▸ **The task**
Copy out again, unchanged, the listing below from the line that has "Reusable Paper Towels, 100%" through the line that has "Đêm Gala Trao".

▸ **Input for this task**
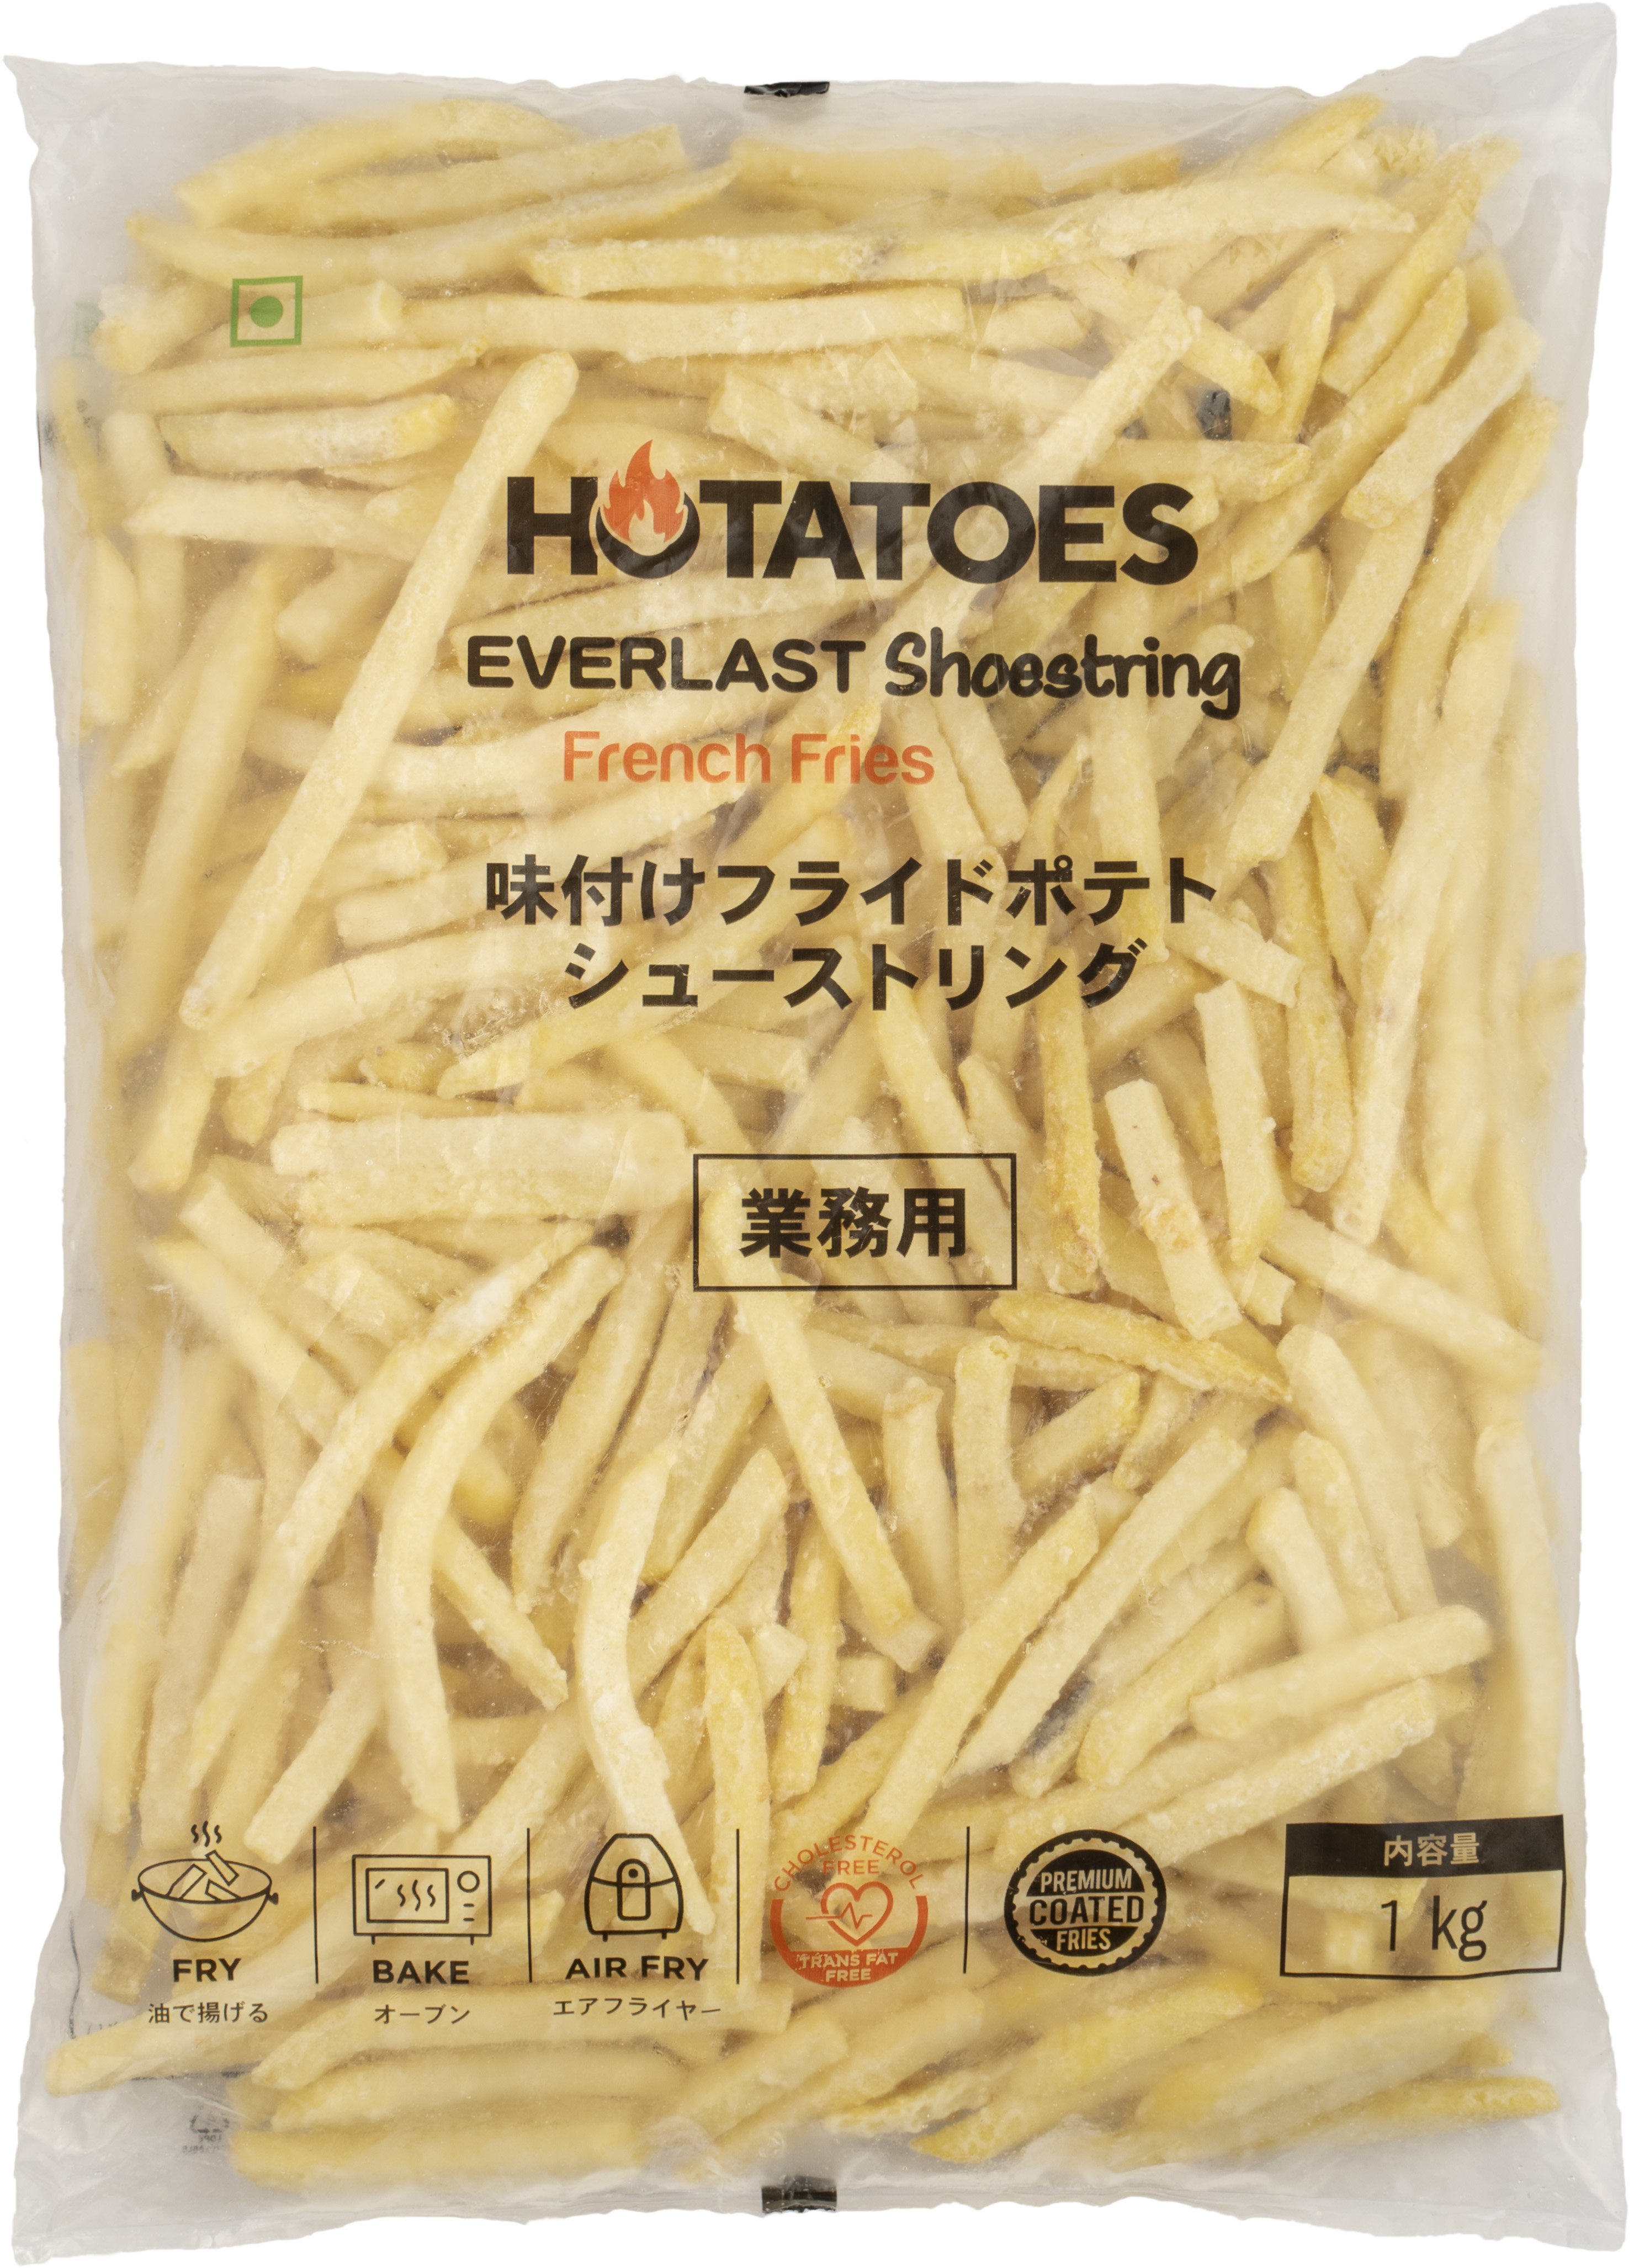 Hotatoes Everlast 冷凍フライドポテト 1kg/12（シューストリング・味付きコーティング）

...

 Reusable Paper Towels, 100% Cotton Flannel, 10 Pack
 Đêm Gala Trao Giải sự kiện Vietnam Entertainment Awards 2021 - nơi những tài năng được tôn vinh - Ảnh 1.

▸ **Answer space**
 Reusable Paper Towels, 100% Cotton Flannel, 10 Pack
 Đêm Gala Trao Giải sự kiện Vietnam Entertainment Awards 2021 - nơi những tài năng được tôn vinh - Ảnh 1.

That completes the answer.